The OSI acknowledges that sharing full training data sets can be challenging so is not so black and white. It therefore does not disqualify otherwise open source AI development from being considered “open source”.
The definition has been a couple of years in the making and will likely need to be updated as AI progresses.
The OSI made the working definition by consulting a 70-person group of researchers, lawyers, policymakers, activists, and representatives of big tech companies such as Microsoft, Meta, and Google.
“This definition will become a valuable resource to combat the widespread practice of ‘openwashing’ that is becoming quite rampant,” Mozilla representatives Ayah Bdeir, Imo Udom, and Nik Marda said in a statement sent to Euronews Next.
They explained “overwashing” was where non-open models (or even open-ish models like Meta’s Llama 3) are promoted as leading “open source” options without contributing to the commons.

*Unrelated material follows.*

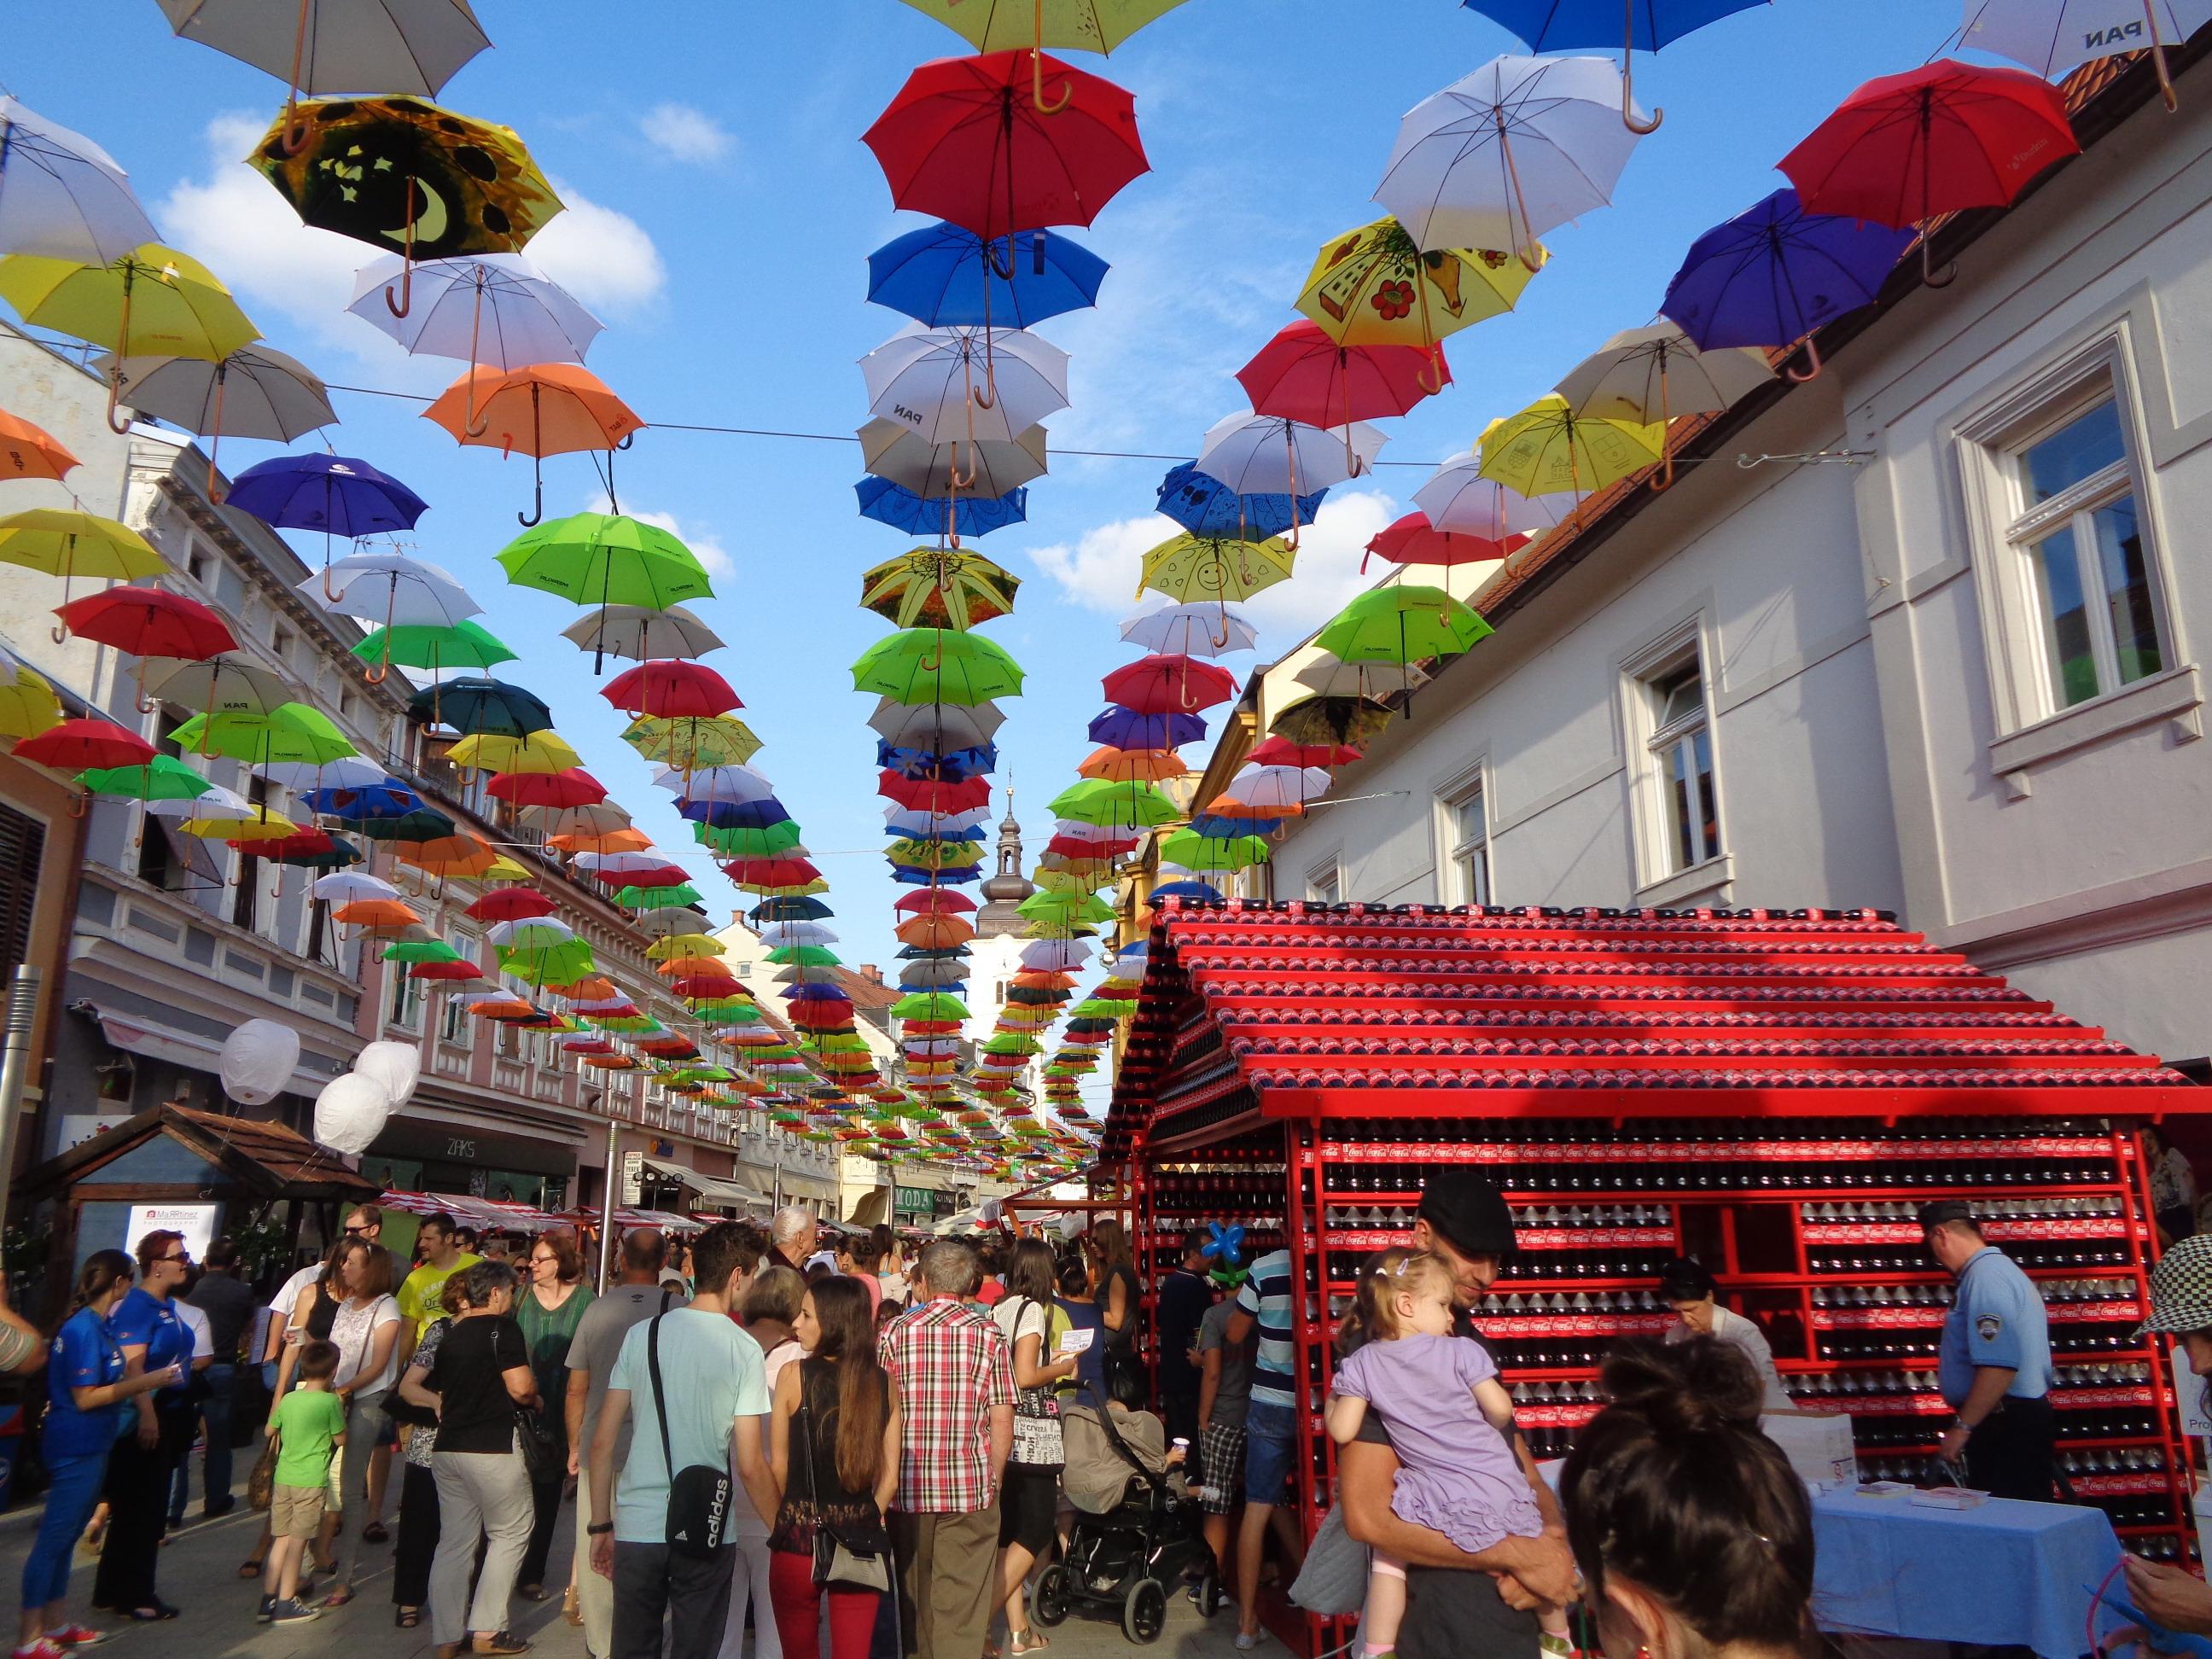 guarda sol grande reforçado personalizado em festival - Maria Pumar industria

“Researchers have shown that ‘the consequences of open-washing are considerable’ and affect innovation, research and the public understanding of AI,” they added.
“We are the stewards, maintainers of the definition, but we don’t really have any strong powers to enforce it,” Stefano Maffulli, the OSI’s executive director told Euronews Next in an interview in March.

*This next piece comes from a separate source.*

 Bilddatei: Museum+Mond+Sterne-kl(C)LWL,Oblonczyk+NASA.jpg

He added that judges and courts around the world are starting to recognise that the open source definition is important, especially when it comes to mergers but also regulation.
Countries around the world are finalising how they will regulate AI and open source software has been an issue of contention.
“The open source definition serves as a barrier to identify false advertising,” said Maffulli.
“If a company says it’s open source, it must carry the values that the open source definition carries. Otherwise, it’s just confusing”.